It is often the case in mathematics, when seemingly unrelated ideas suddenly exhibit curious connections. That’s precisely where beauty lies. Let me share with you a combinatorial identity that recently was presented to me.

For all intergers \(n \geq 0\), it follows

\(\displaystyle \sum_{k=0}^{n}\dbinom{n-k}{k} = F_{n+1}\).

where \(F_{n+1}\) corresponds to the \((n+1)^{th}\) term of the Fibonacci sequence, and the combinatorial number \(\displaystyle \dbinom{n}{k} = \frac{n!}{k!(n-k)!}\) is assumed to be zero for \(n < k\).

Proof

We prove the identity using strong induction. For the base case, we trivially verify \(\binom{0}{0} = F_1 = 1\).

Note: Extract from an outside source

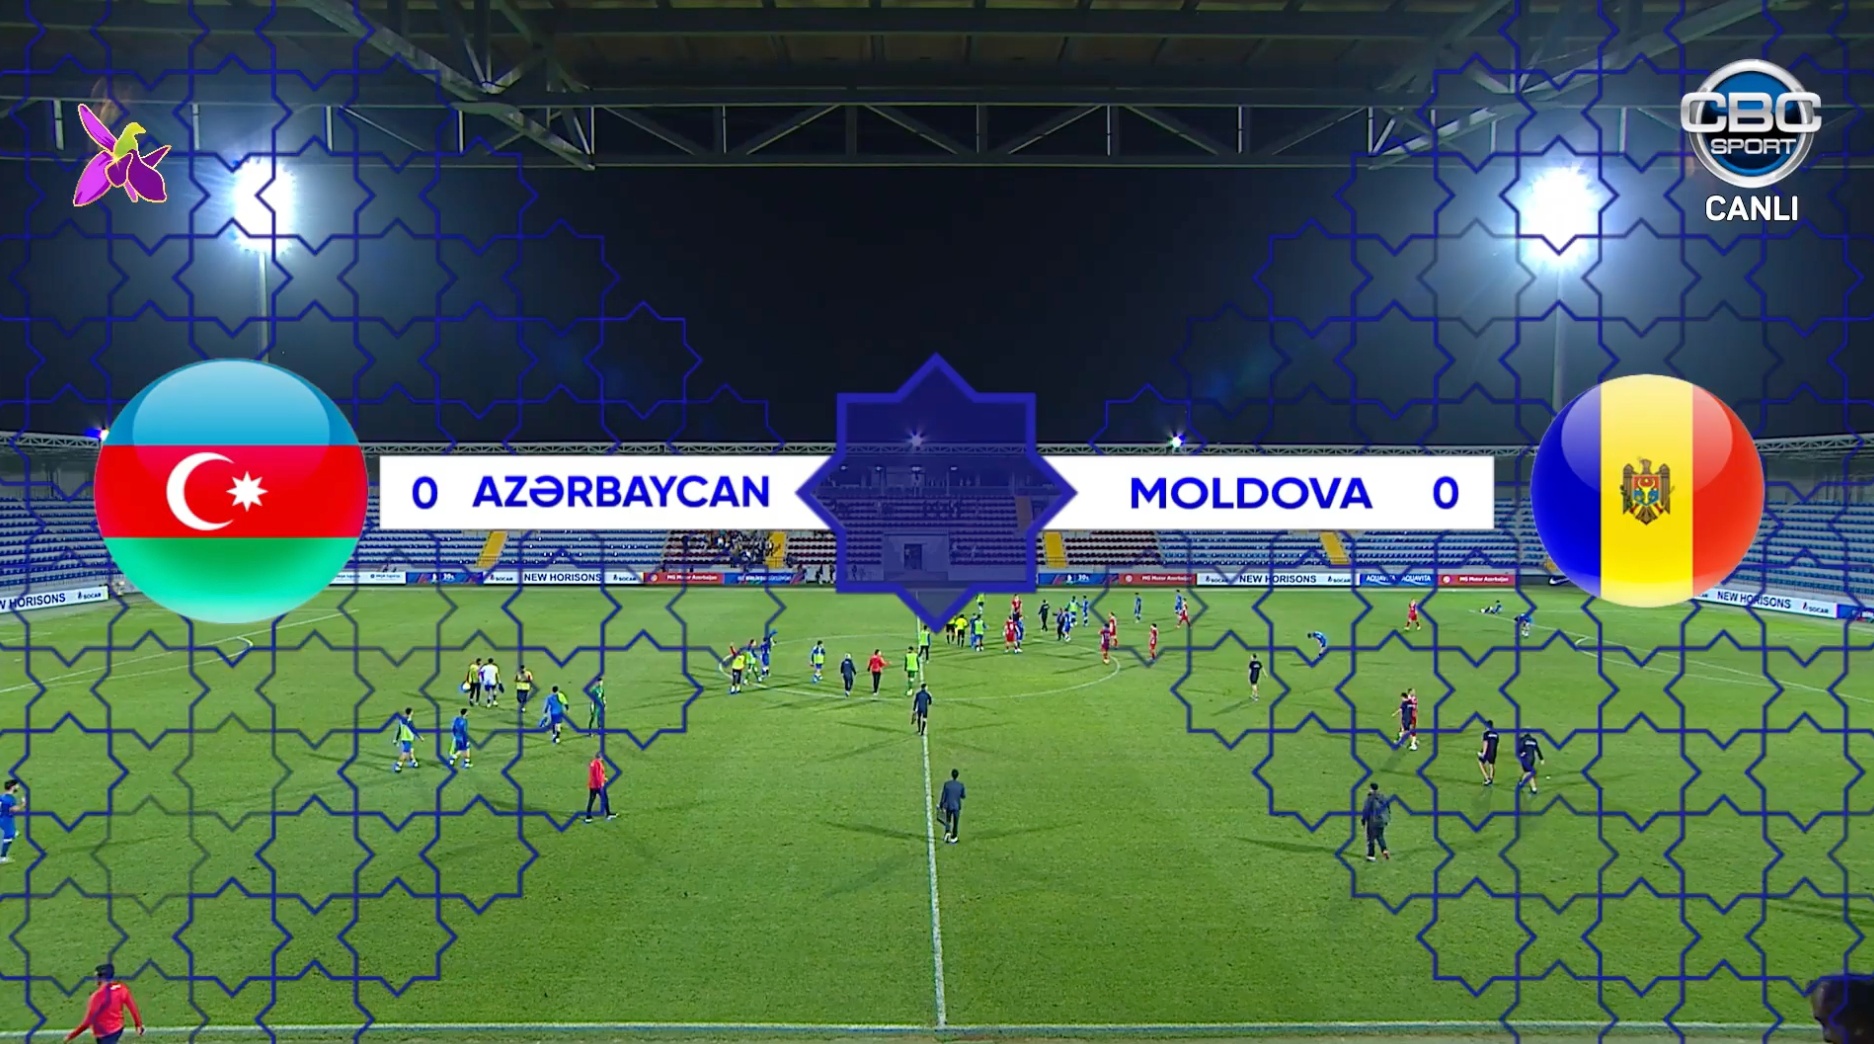 Свс азербайджан прямой эфир футбол. Товарищеский матч по футболу. Сегодняшние матчи по футболу. Tvc21 Moldova.

As inductive step, we assume that the identity holds for all integers \(n'\) such that \(0 \leq n' \leq n\). Then, we want to deduce that our hypothesis implies the identity holds for \(n' = n + 1\). That is,

\(\displaystyle \sum_{k=0}^{n+1}\dbinom{n+1-k}{k} = \dbinom{n+1}{0} + \dbinom{n}{1} + \cdots + \dbinom{0}{n+1} = F_{n+2}\).

We need to consider the “Pascal’s Triangle” formula for combinatorials,

\(\displaystyle \dbinom{n}{k} = \dbinom{n-1}{k} + \dbinom{n-1}{k-1}\).

Thus, by applying this formula to all terms except the first and last ones,

\(\displaystyle \sum_{k=0}^{n+1}\dbinom{n+1-k}{k} = \dbinom{n+1}{0} + \dbinom{n}{1} + \cdots + \dbinom{0}{n+1}\).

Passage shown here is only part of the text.